*** Dataset Section Begins ***

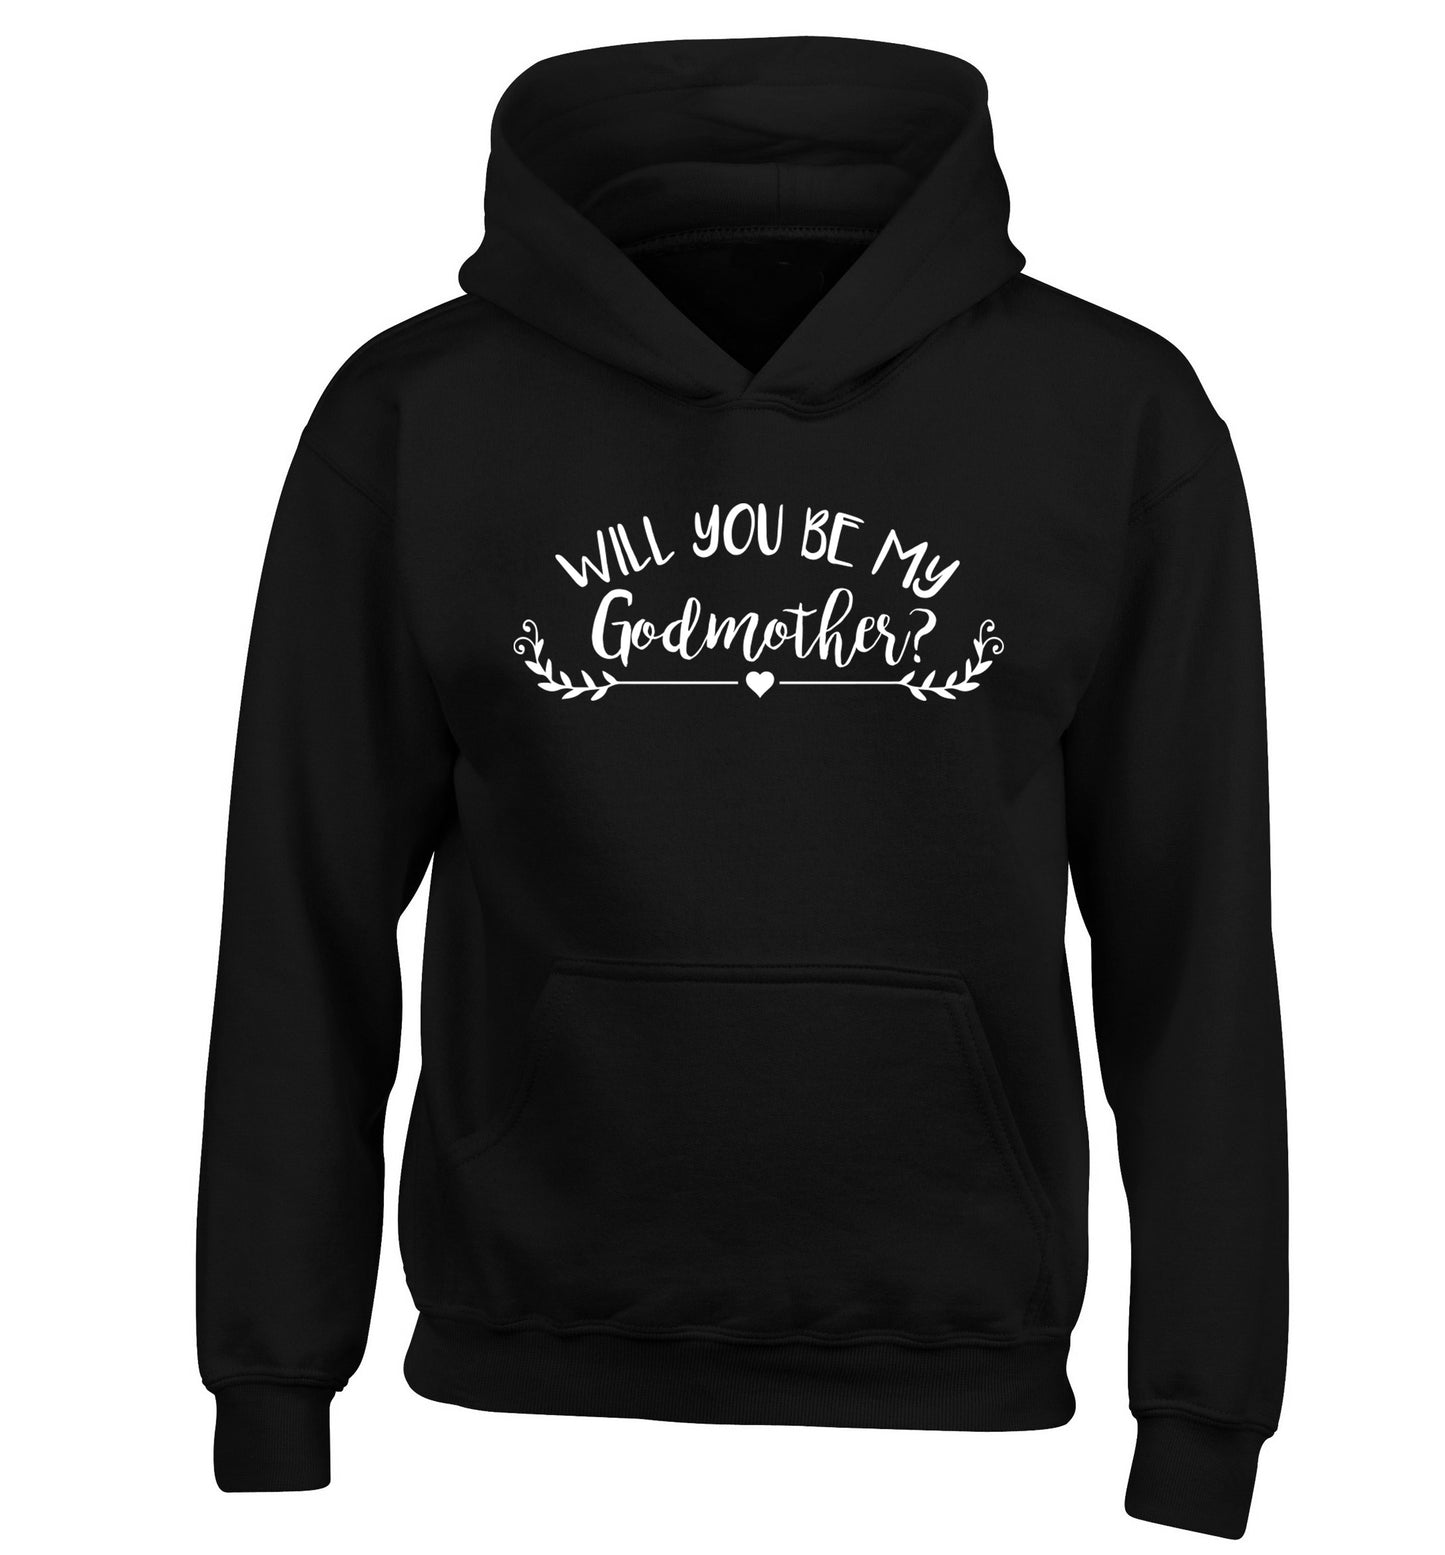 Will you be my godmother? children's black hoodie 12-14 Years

*** Dataset Section Ends ***
*** Dataset Section Begins ***

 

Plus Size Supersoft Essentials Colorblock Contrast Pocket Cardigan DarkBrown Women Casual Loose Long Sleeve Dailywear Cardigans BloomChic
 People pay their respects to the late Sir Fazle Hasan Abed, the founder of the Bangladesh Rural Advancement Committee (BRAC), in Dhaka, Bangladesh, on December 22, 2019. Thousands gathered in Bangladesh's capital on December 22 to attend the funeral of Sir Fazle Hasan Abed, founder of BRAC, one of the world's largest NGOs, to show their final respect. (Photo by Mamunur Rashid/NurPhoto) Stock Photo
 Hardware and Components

*** Dataset Section Ends ***
*** Dataset Section Begins ***

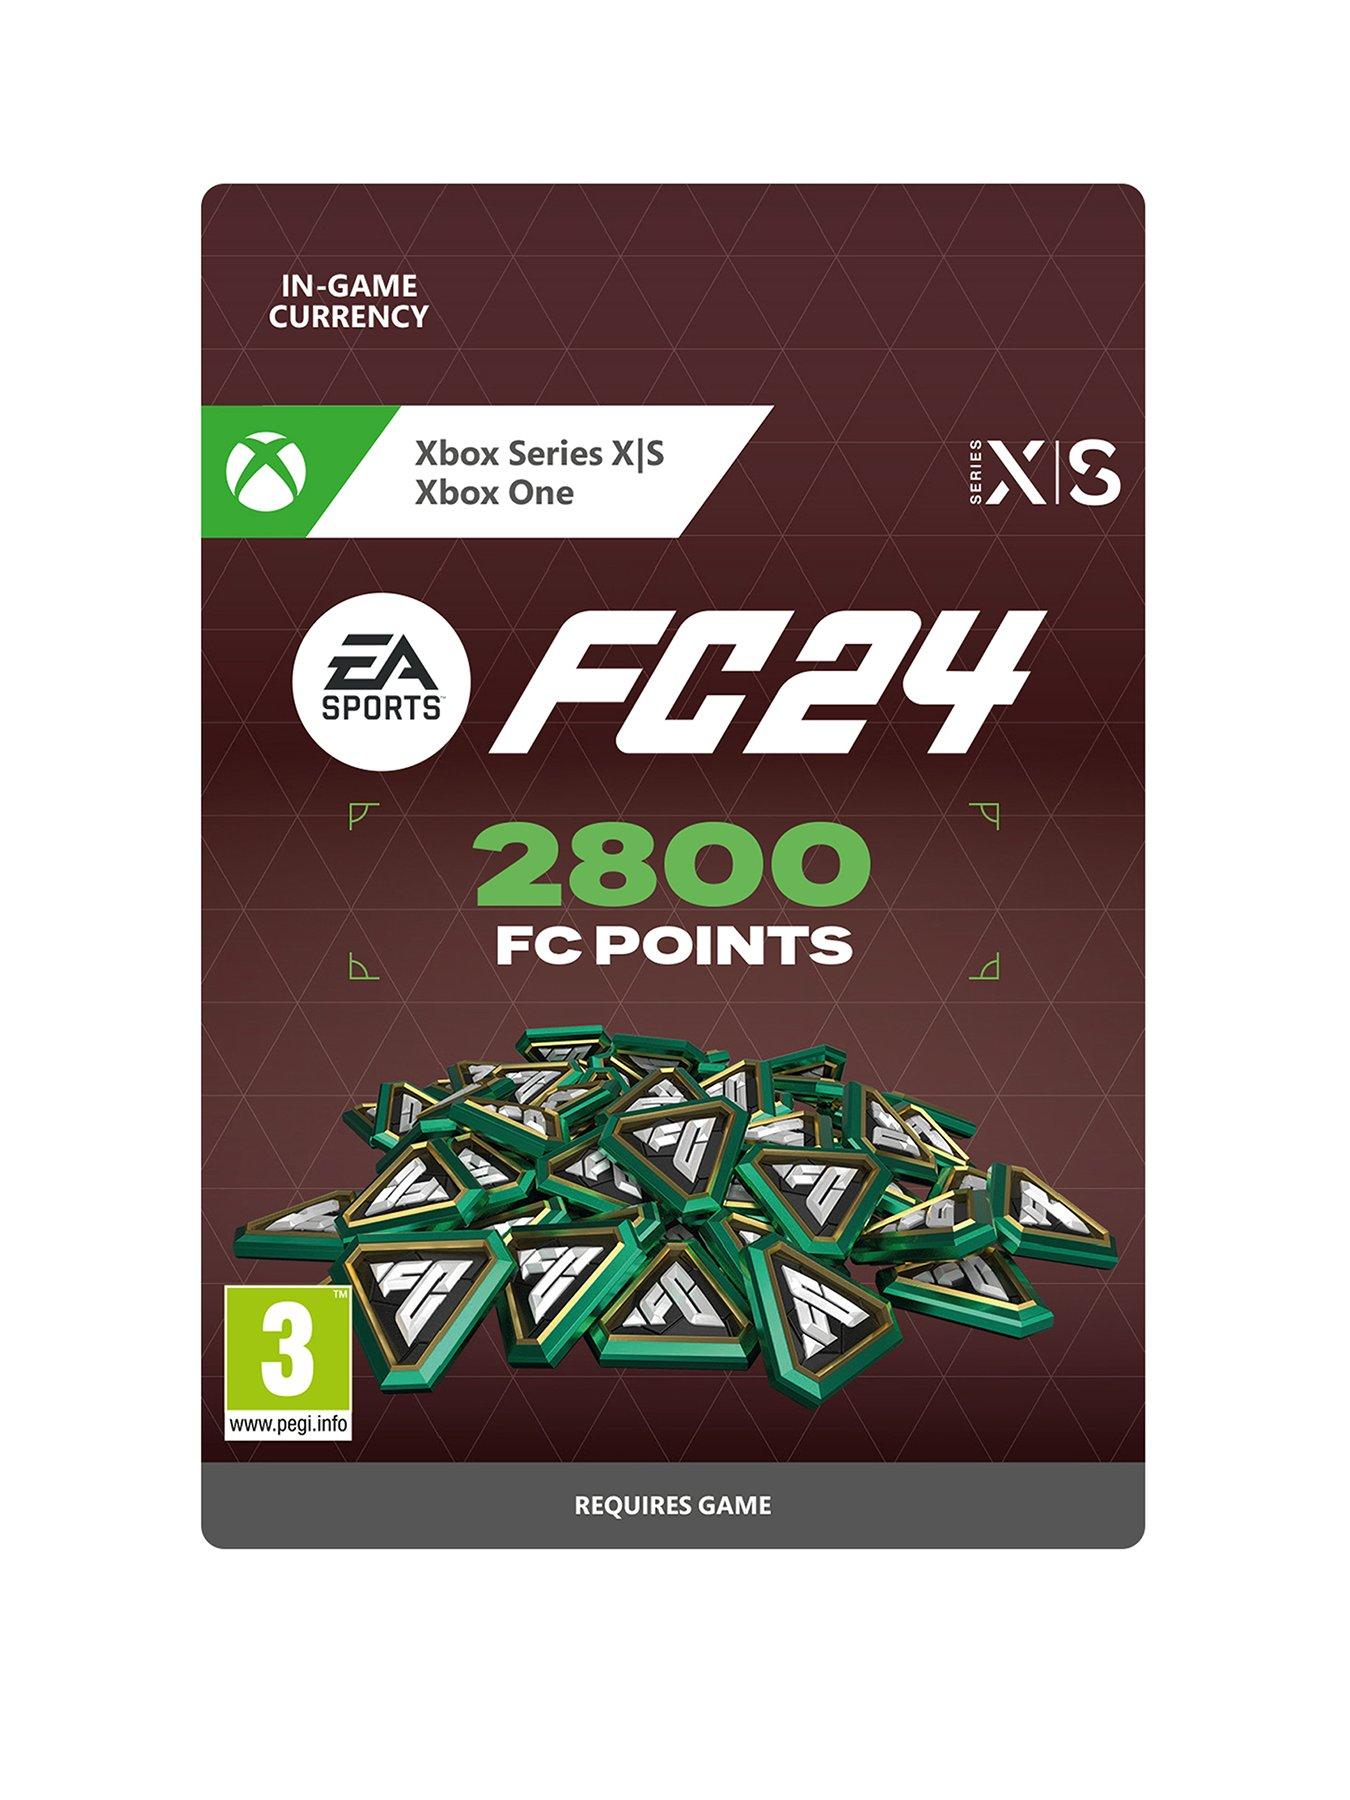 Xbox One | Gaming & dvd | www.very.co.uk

*** Dataset Section Ends ***

### What needs to be done
Given the data above, transcribe exactly the lines from the one containing "People pay their" down to the one containing "Hardware and Components", and no others.

### Answer area
 People pay their respects to the late Sir Fazle Hasan Abed, the founder of the Bangladesh Rural Advancement Committee (BRAC), in Dhaka, Bangladesh, on December 22, 2019. Thousands gathered in Bangladesh's capital on December 22 to attend the funeral of Sir Fazle Hasan Abed, founder of BRAC, one of the world's largest NGOs, to show their final respect. (Photo by Mamunur Rashid/NurPhoto) Stock Photo
 Hardware and Components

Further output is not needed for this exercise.